Segment Open

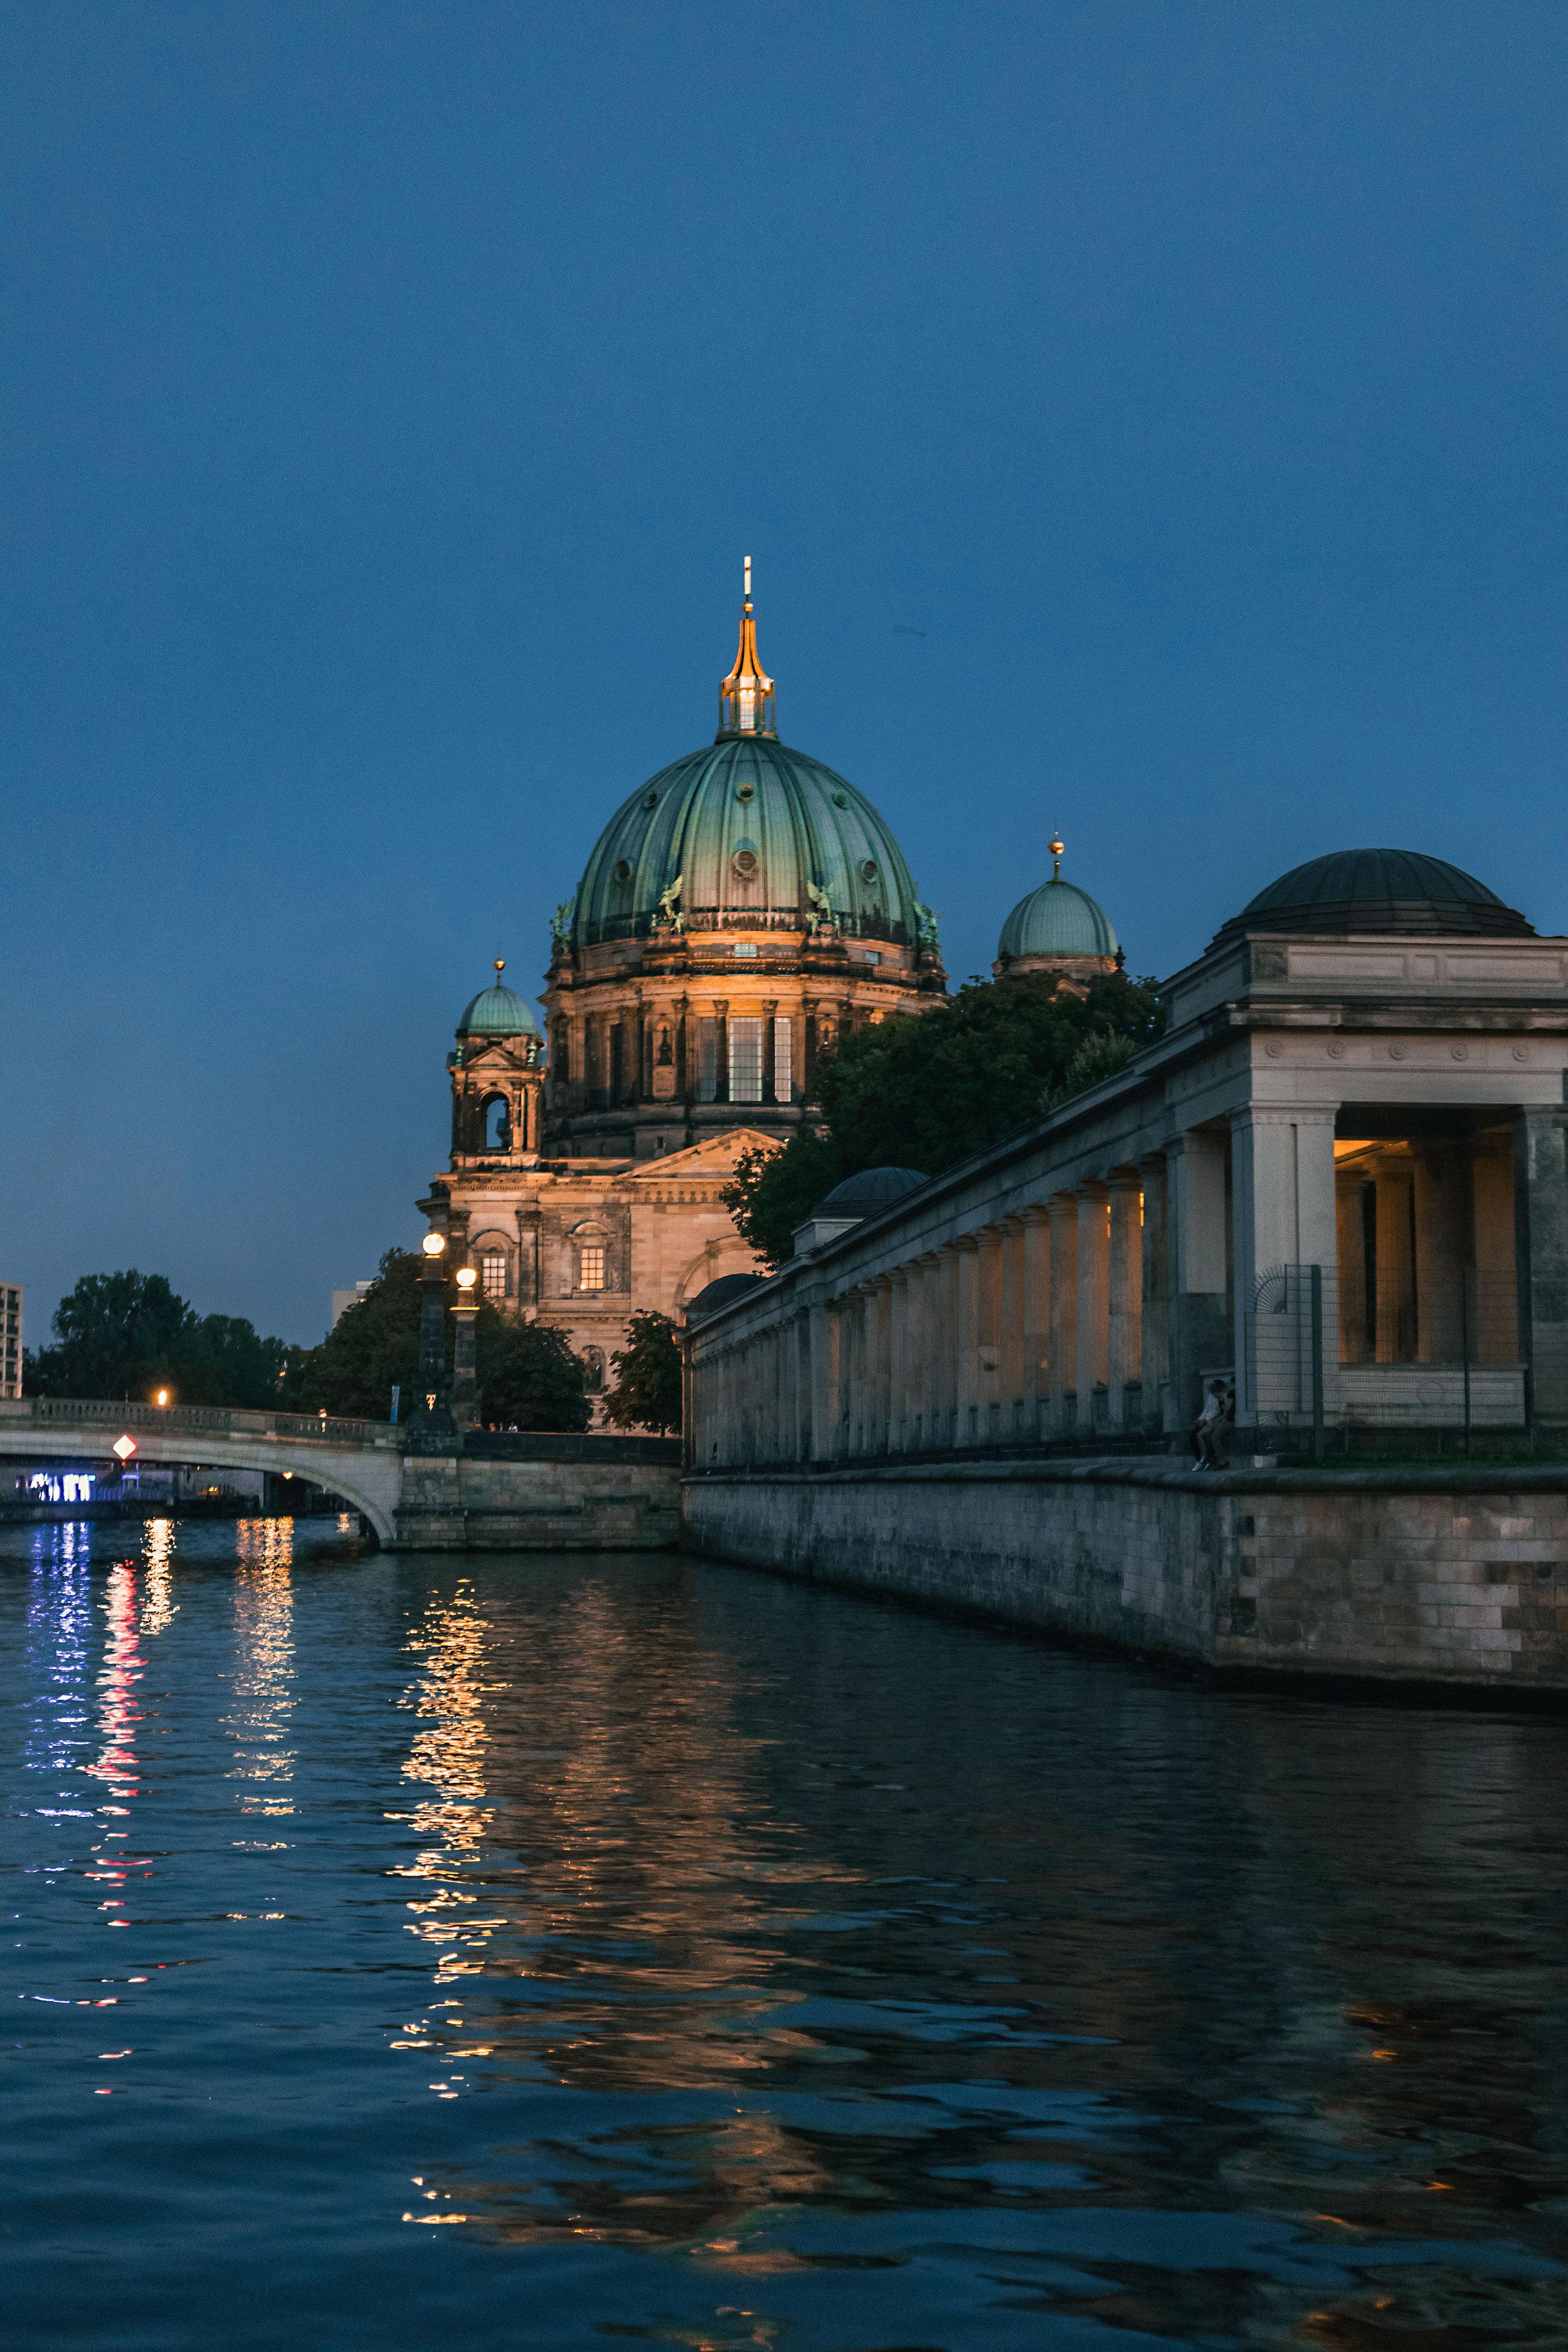 LP_BerlinCathedral.jpg
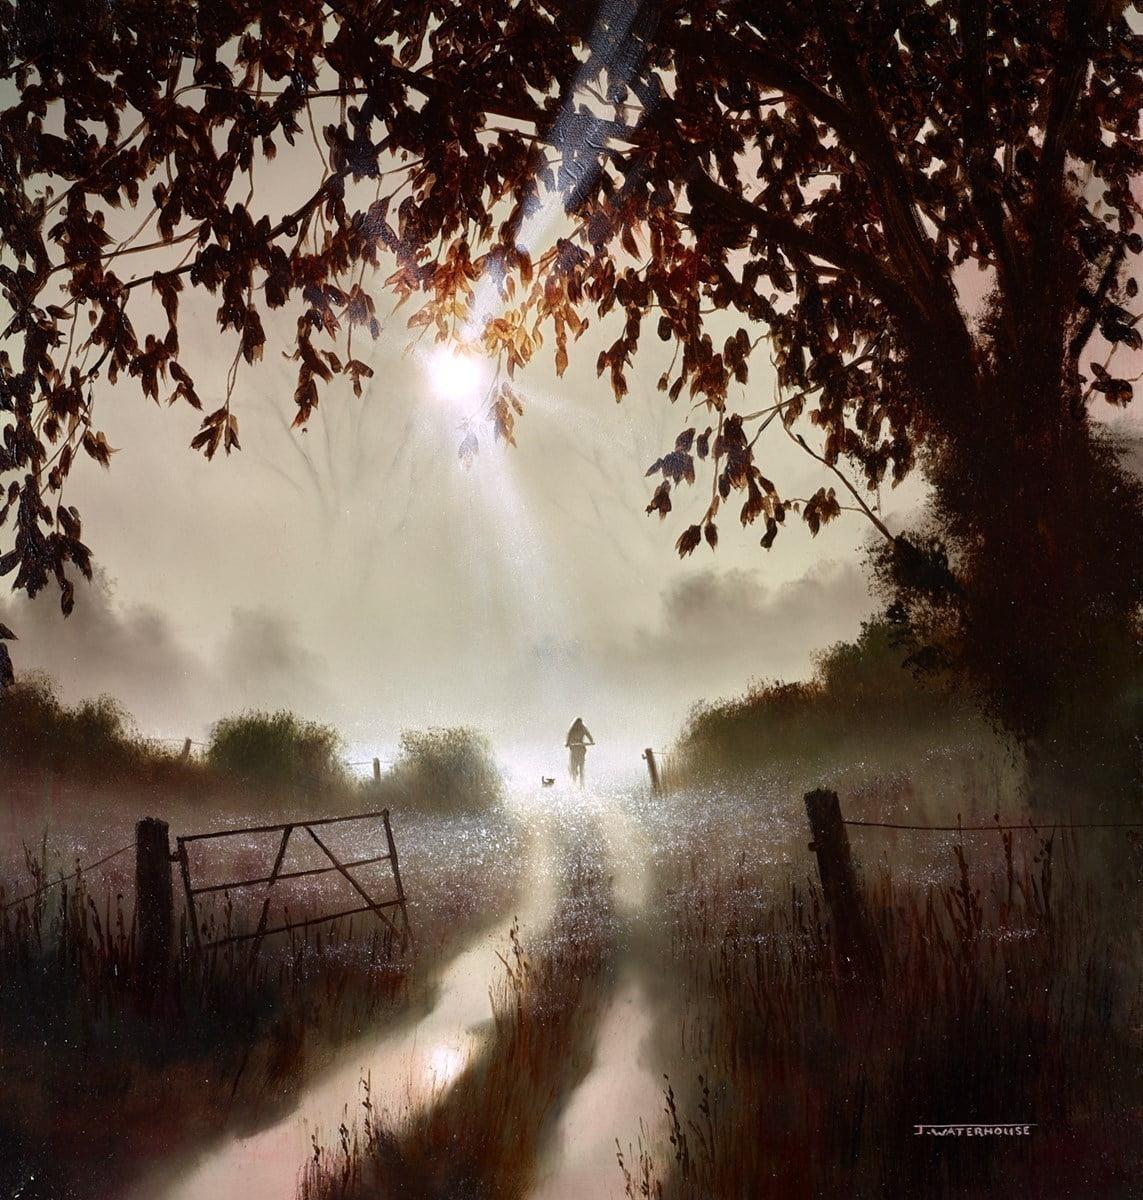 Moonlight Bike Ride ~ John Waterhouse
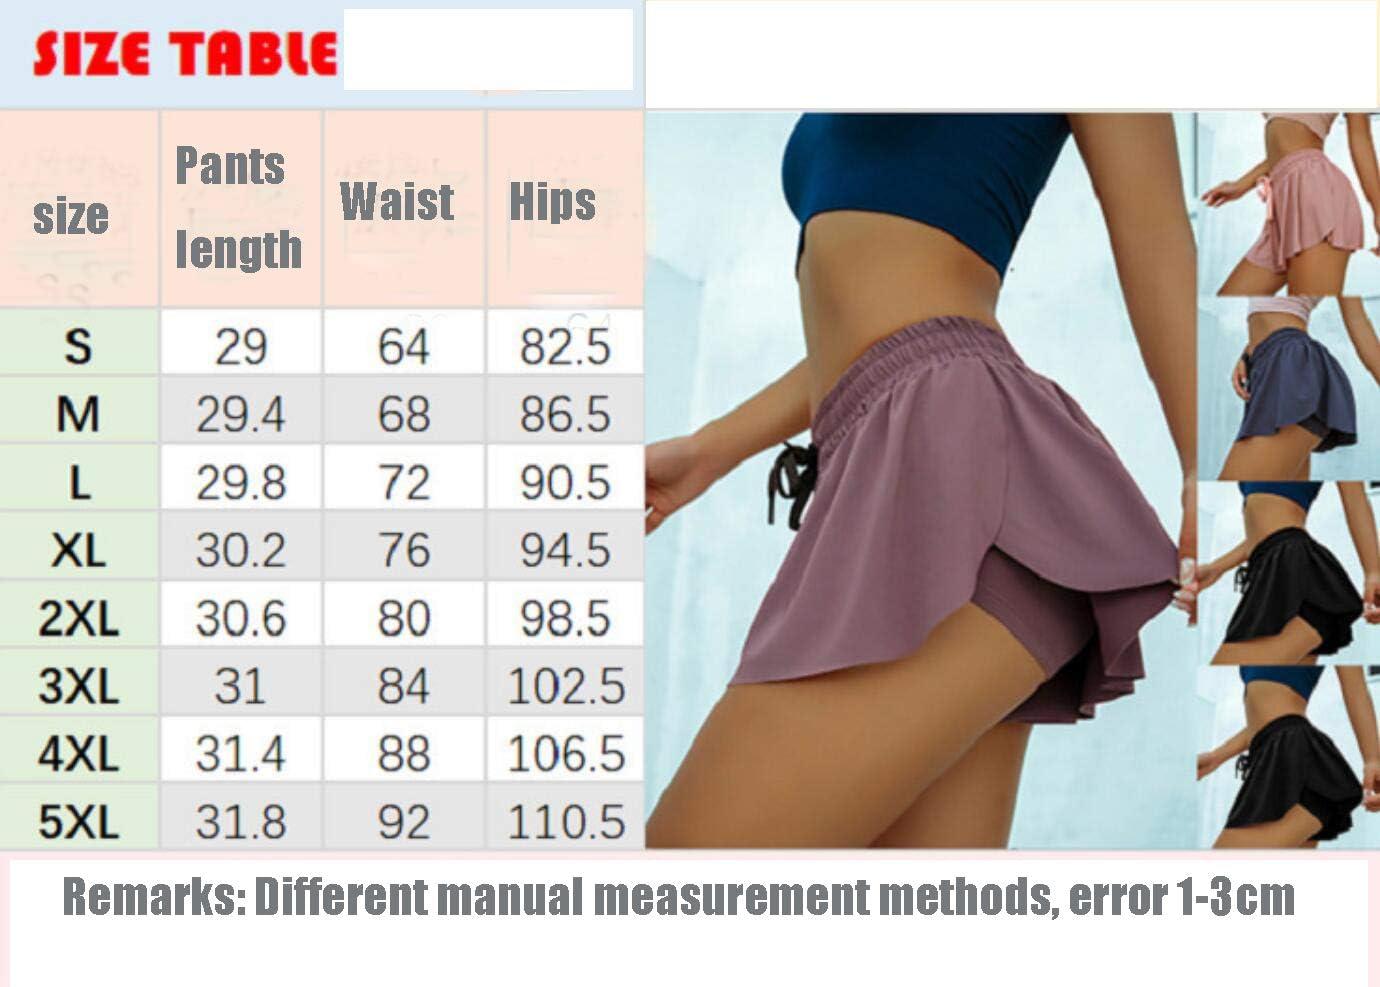 Pantalones Cortos de Yoga Pantalones Cortos de Ciclismo para Ciclistas Mujeres Pantalones Cortos de Secado r/ápido Marat/ón 2 en 1 Deportivos de Gimnasia SMACO Falda Activa para Mujer

Segment Closed

◆ Description of the task
Reproduce every line above exactly as written, omitting the images.

◆ Written answer
 LP_BerlinCathedral.jpg
 Moonlight Bike Ride ~ John Waterhouse
 Pantalones Cortos de Yoga Pantalones Cortos de Ciclismo para Ciclistas Mujeres Pantalones Cortos de Secado r/ápido Marat/ón 2 en 1 Deportivos de Gimnasia SMACO Falda Activa para Mujer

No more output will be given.